--- Exercise data Enclosed Below ---

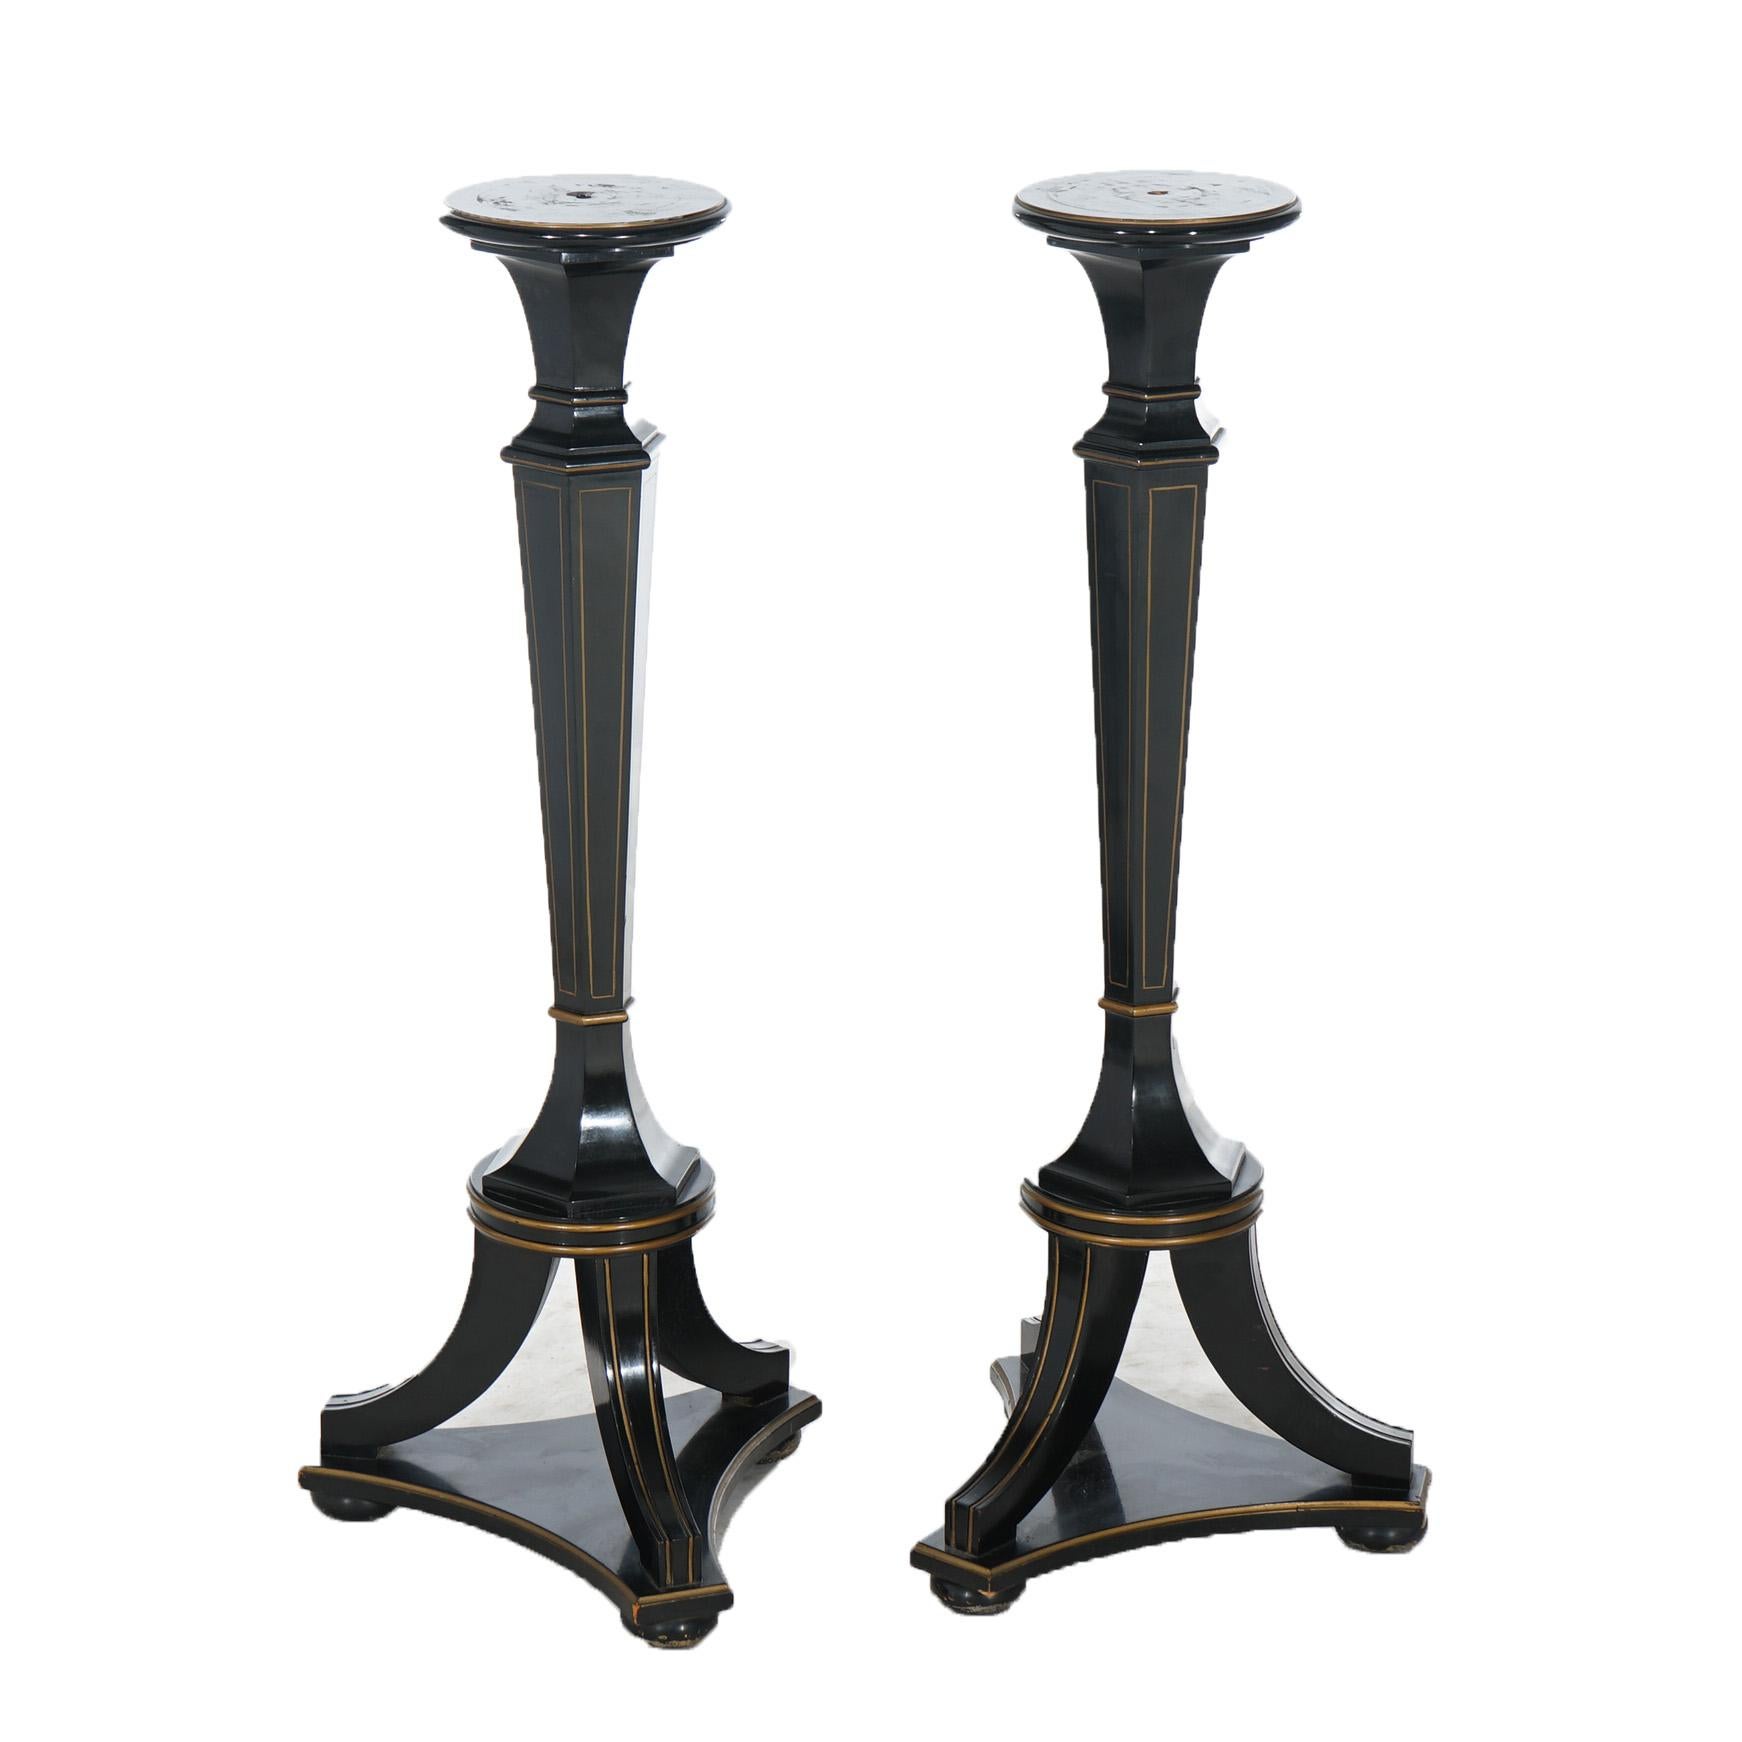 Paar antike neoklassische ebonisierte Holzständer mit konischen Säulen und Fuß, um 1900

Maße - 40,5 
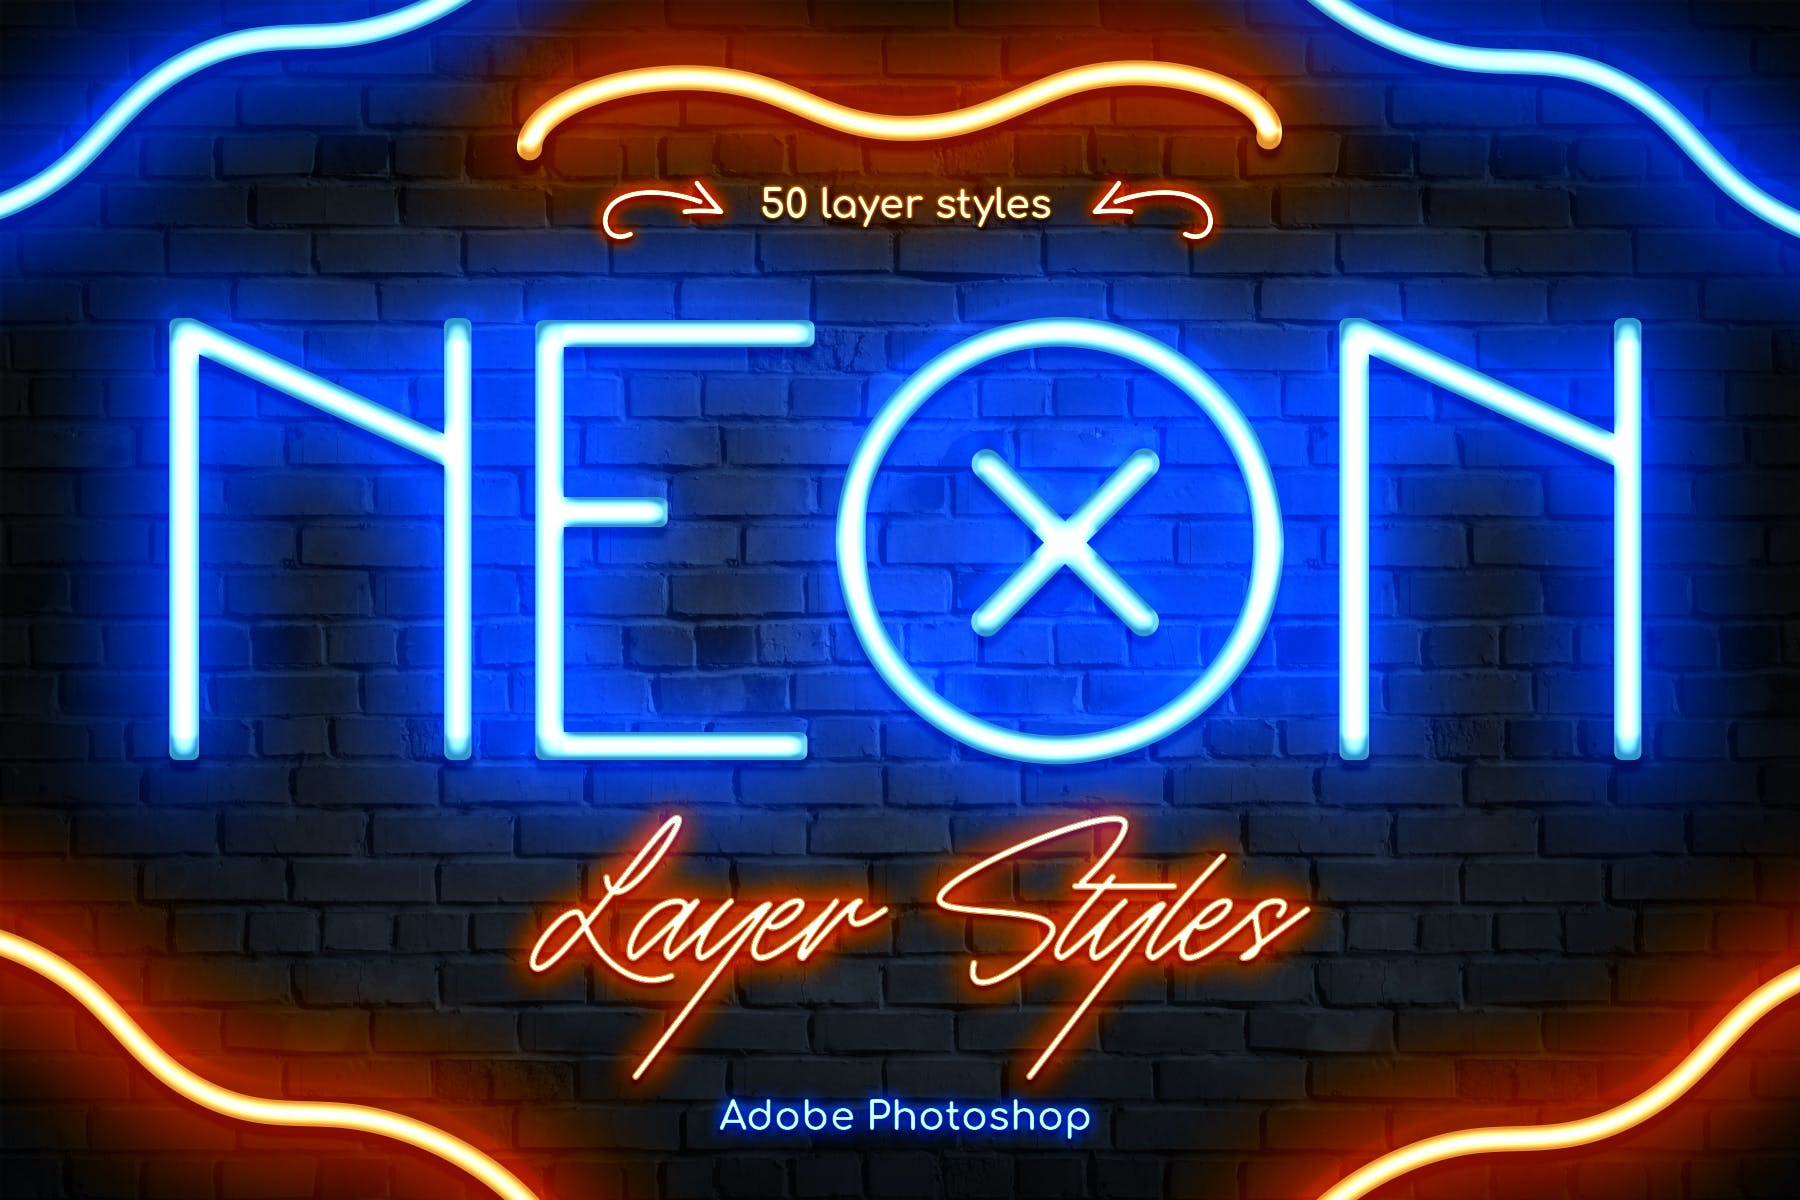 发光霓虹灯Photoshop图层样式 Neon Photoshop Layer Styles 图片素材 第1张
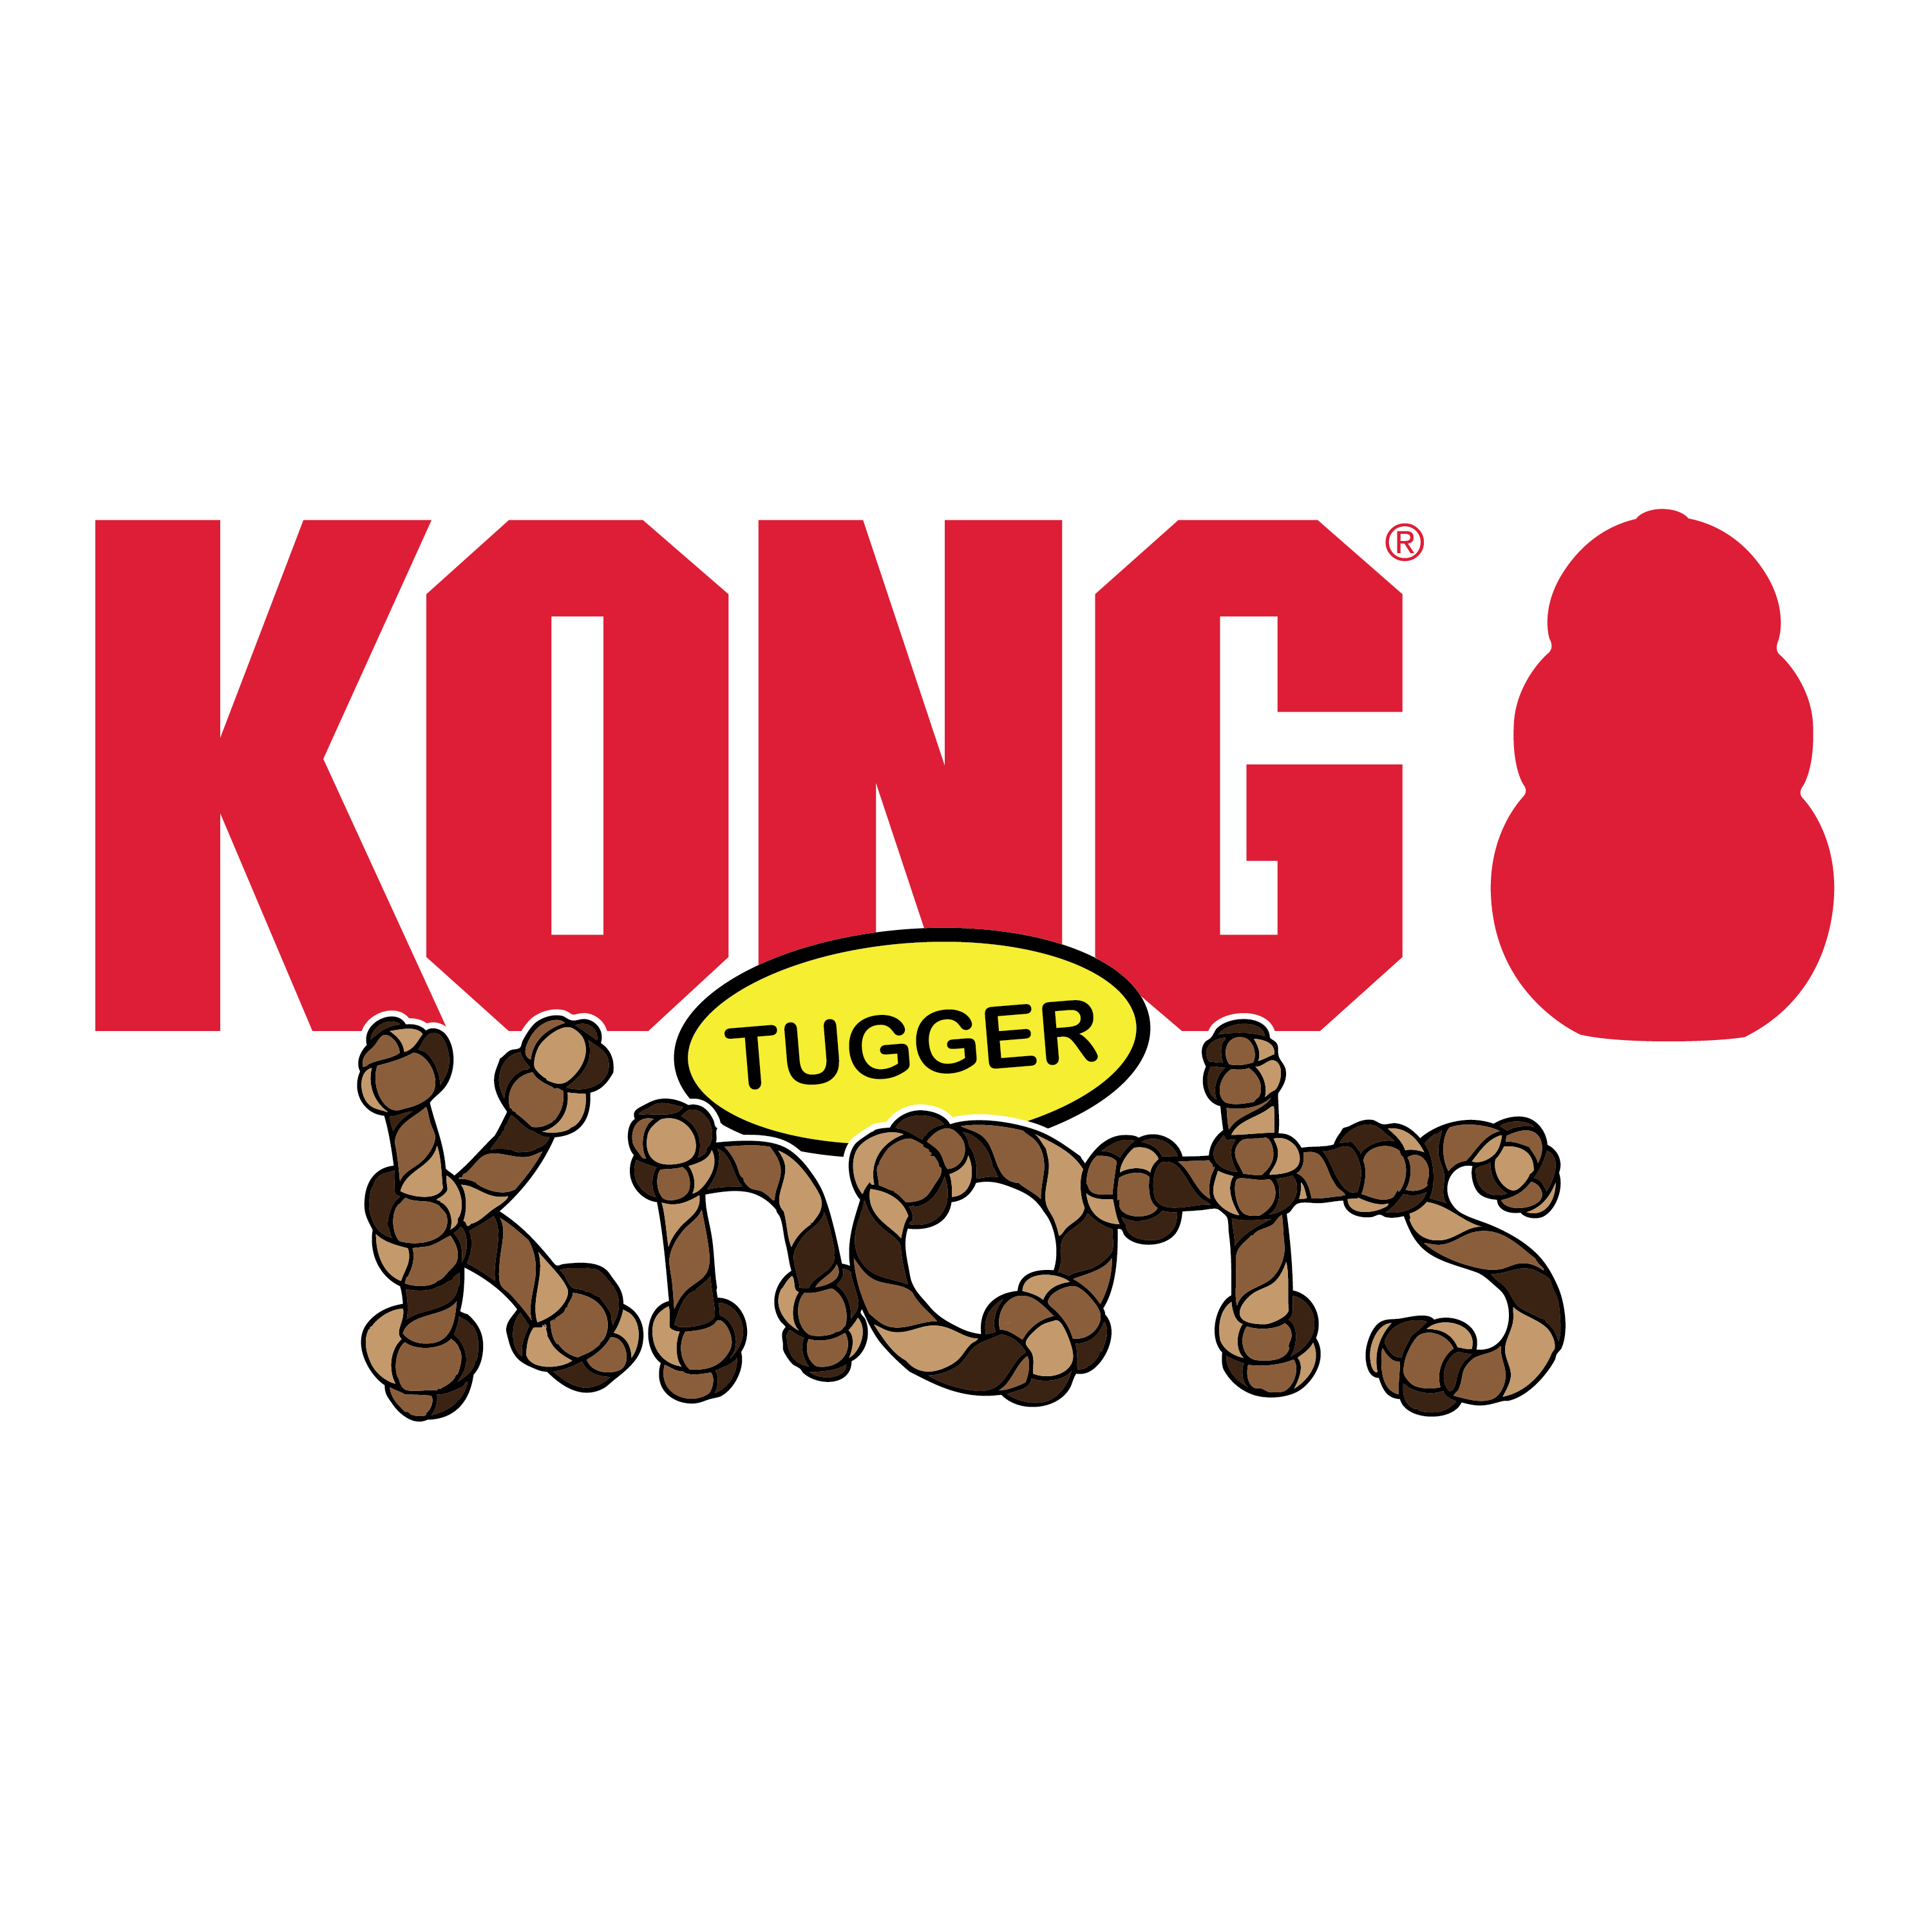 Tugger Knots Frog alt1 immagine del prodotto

--- End of Enclosed Exercise data ---

Task instructions:
Only the lines from the one with "发光霓虹灯Photoshop图层样式 Neon Photoshop" to the end of the listing, both ends included, should be retyped exactly; no pictures belong in the copy.

Solution:
 发光霓虹灯Photoshop图层样式 Neon Photoshop Layer Styles 图片素材 第1张
 Tugger Knots Frog alt1 immagine del prodotto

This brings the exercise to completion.